• [Your instructions] Apart from the pictures, which must be omitted, restate the data exactly.

• [Data extract]
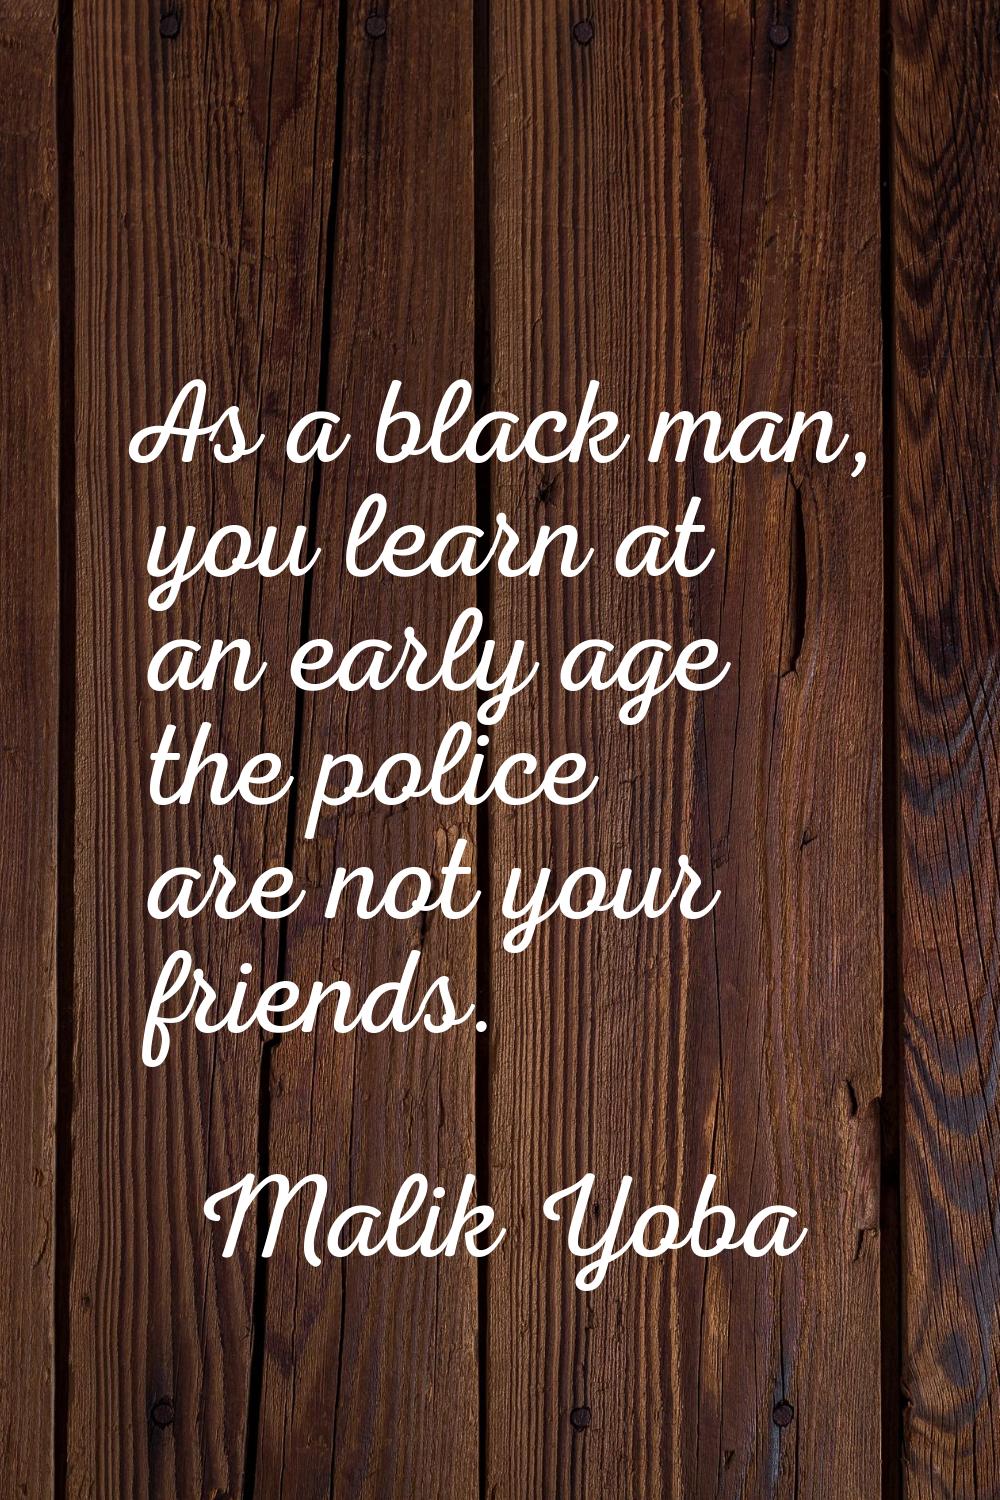 As a black man, you learn at an early age the police are not your friends.
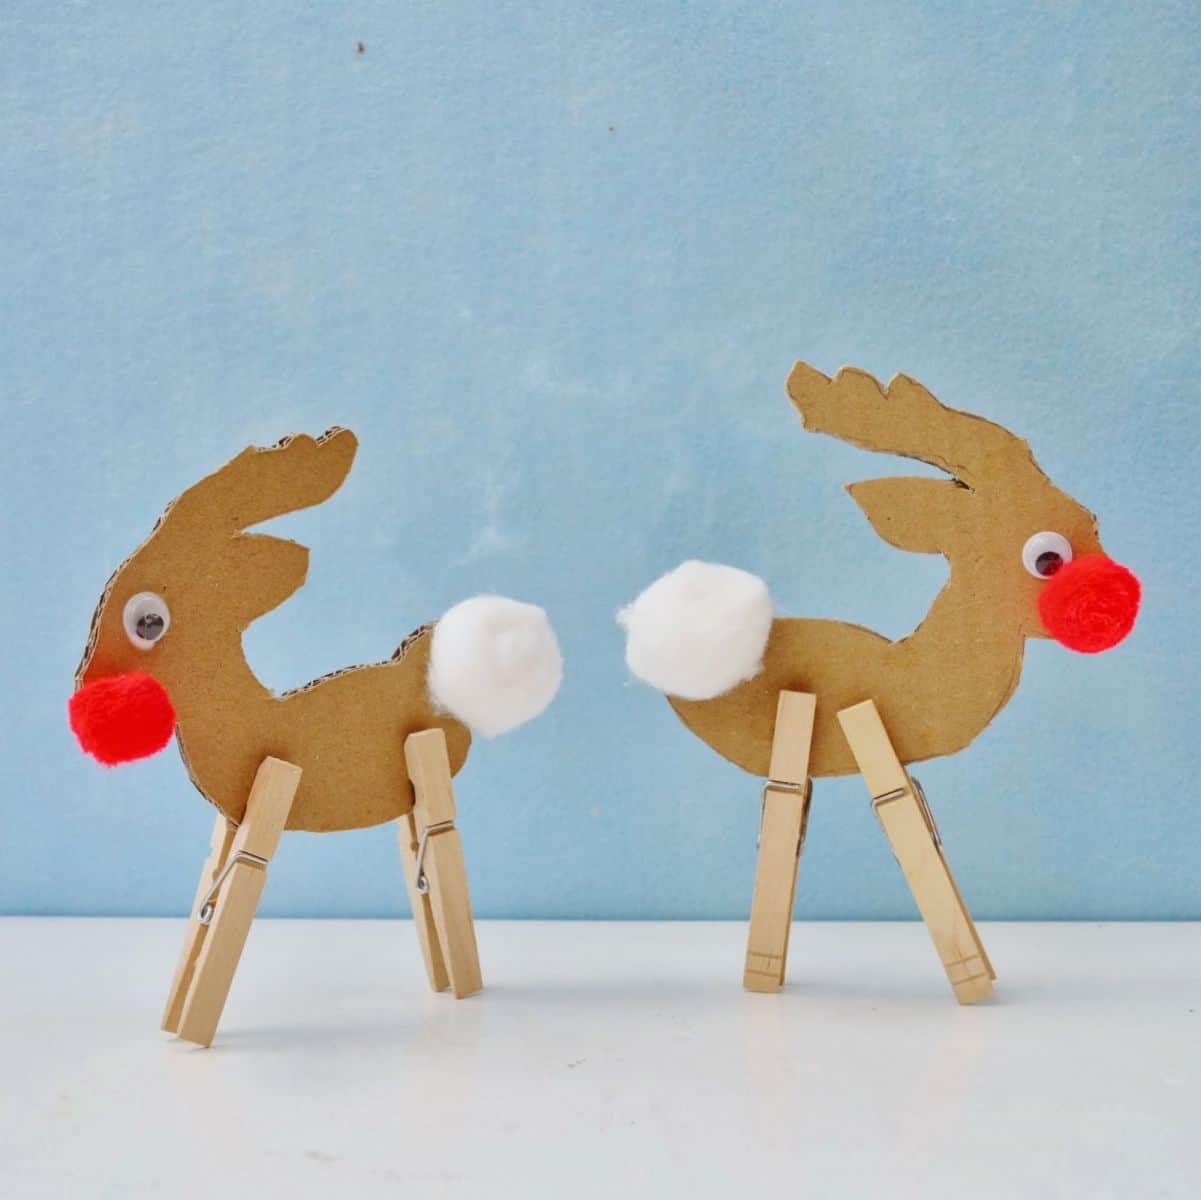 15 RIDICULOUSLY CUTE REINDEER CRAFTS
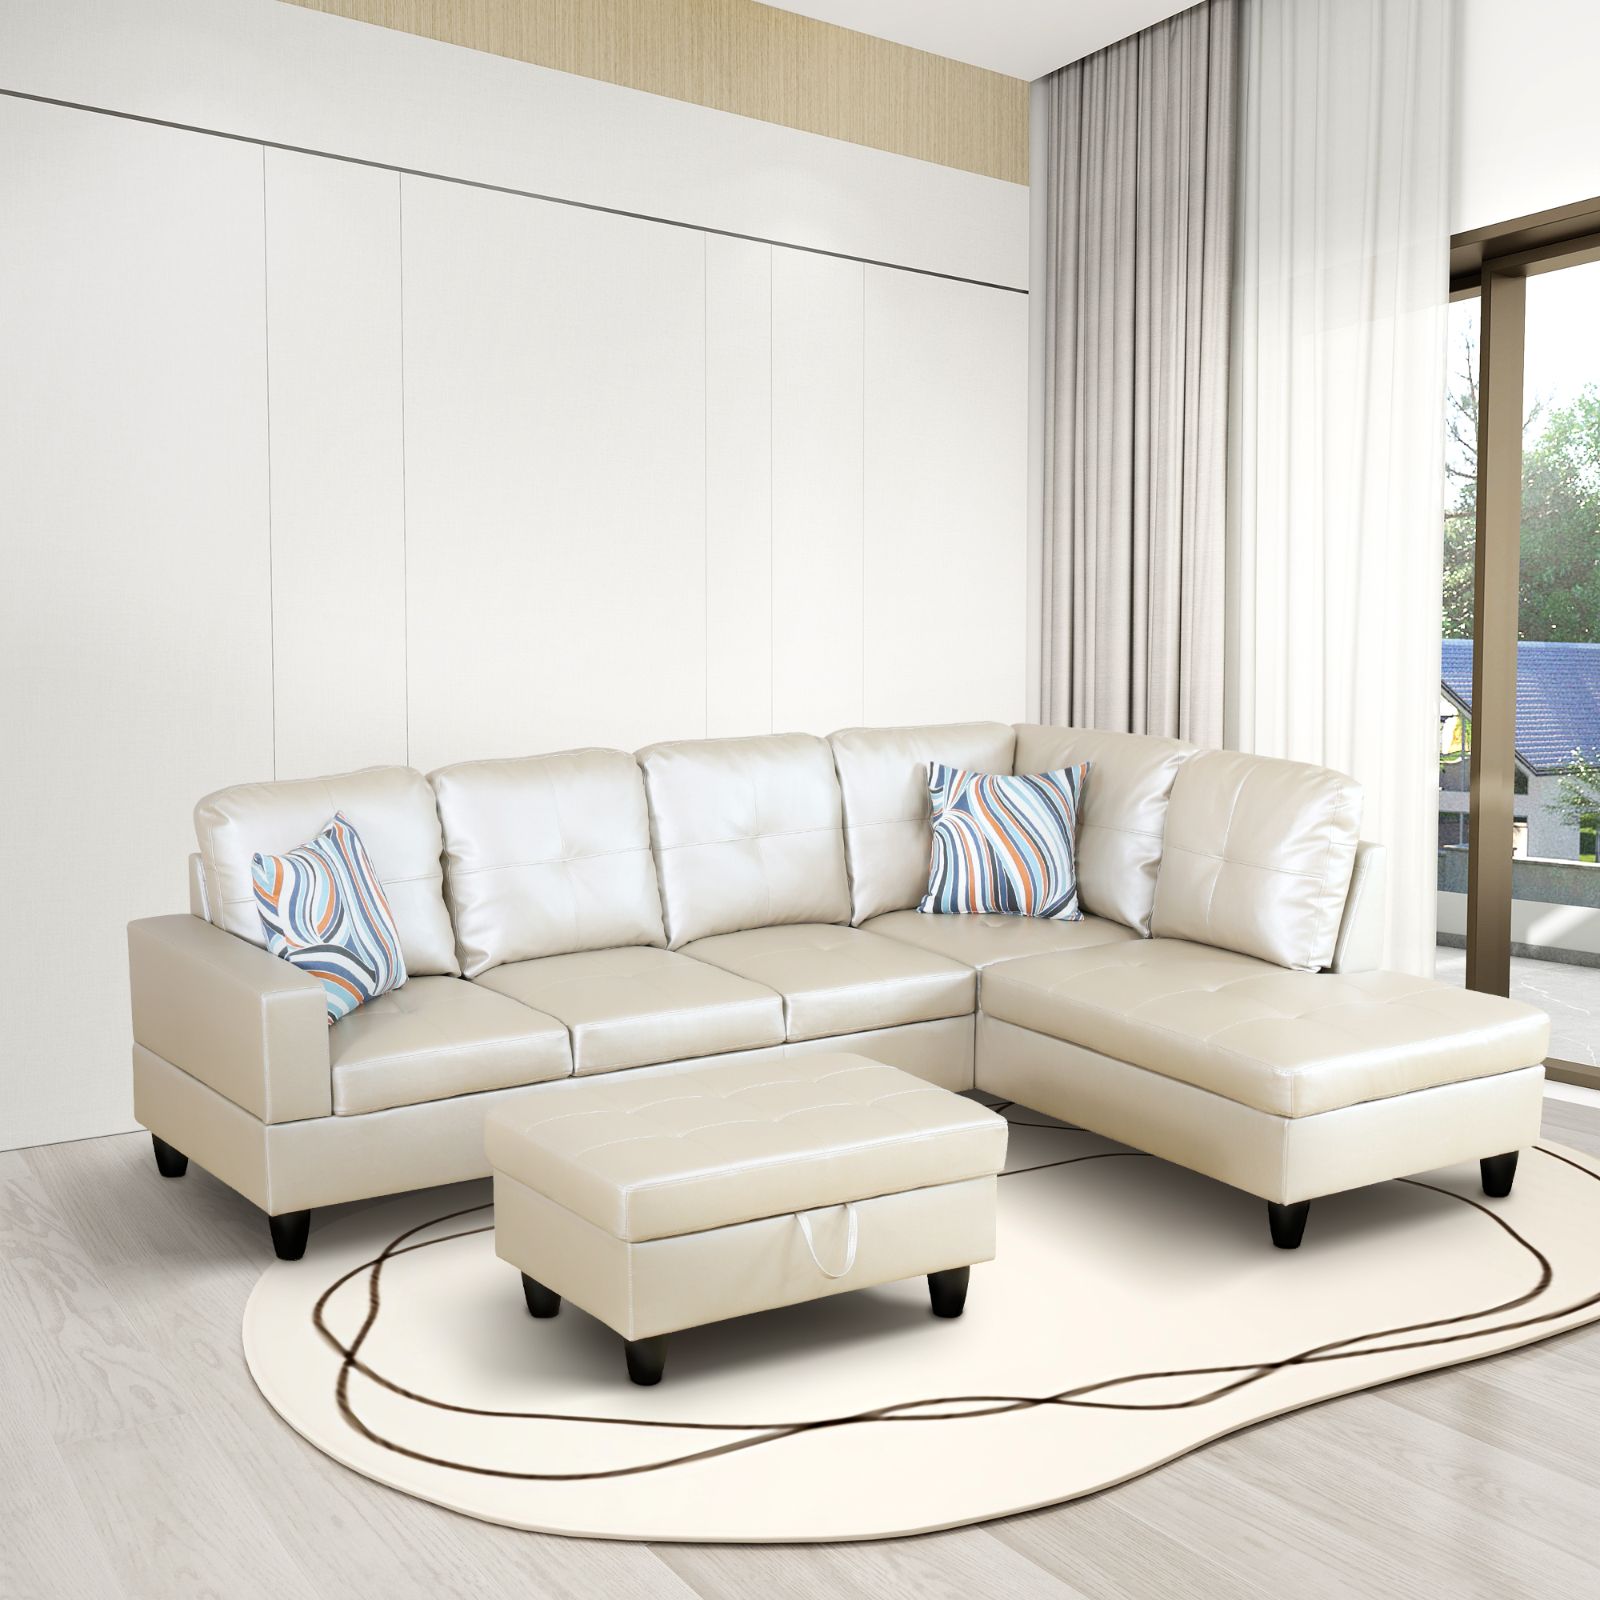 Ainehome Light Grey Semi PU Synthetic Leather 3-Piece Couch Living Room Sofa Set

• [Solution for this exercise]
 As a black man, you learn at an early age the police are not your friends.
 15 RIDICULOUSLY CUTE REINDEER CRAFTS
 Ainehome Light Grey Semi PU Synthetic Leather 3-Piece Couch Living Room Sofa Set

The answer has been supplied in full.